The best Instagram captions and selfie quotes for your photos
A good caption or a good quote can get people to interact with your photos. They may like your photos or follow you on Instagram or not. This is why every Instagram installer goes crazy for these captions. Do you want your Instagram photos to stand out? Here is the list of the best Instagram captions and selfie quotes..
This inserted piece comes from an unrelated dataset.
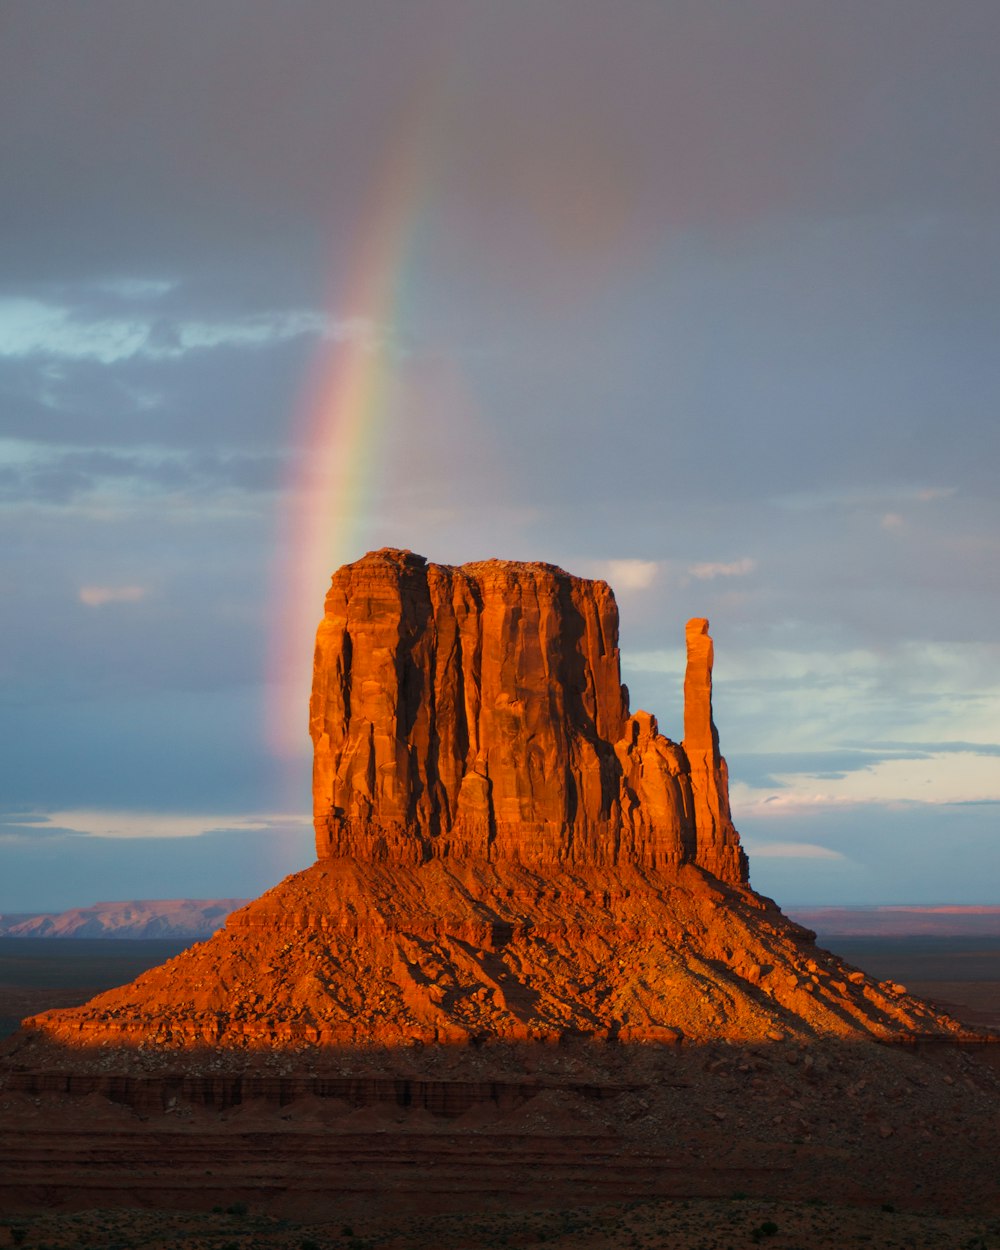 Rainbow over rock formation during daytime

🔆I’m full of life, half loved
🔆Love me now or forever will not last
🔆Real men don’t take selfies
🔆Don’t be afraid of your shadow; it’s just just a constant reminder that there is light around you.
🔆Temptation is not a sin
🔆And I’m going crazy because that’s not where I wanna be
🔆Calm the mind and soul will speak
🔆Feel so young and energetic
🔆Trying to be stupid with female power
🔆The sun won’t shine someday
🔆The eyes are never silent
🔆On the way to science
🔆And that’s all the fun and games until you fall in love
🔆Flexin ‘my complexion
🔆Go crazy for a while
🔆Thick thighs and thin patience.
🔆If I don’t wear my sneakers I won’t go
🔆Smart as the devil and twice as pretty
🔆A happy soul is the best shield for a cruel world.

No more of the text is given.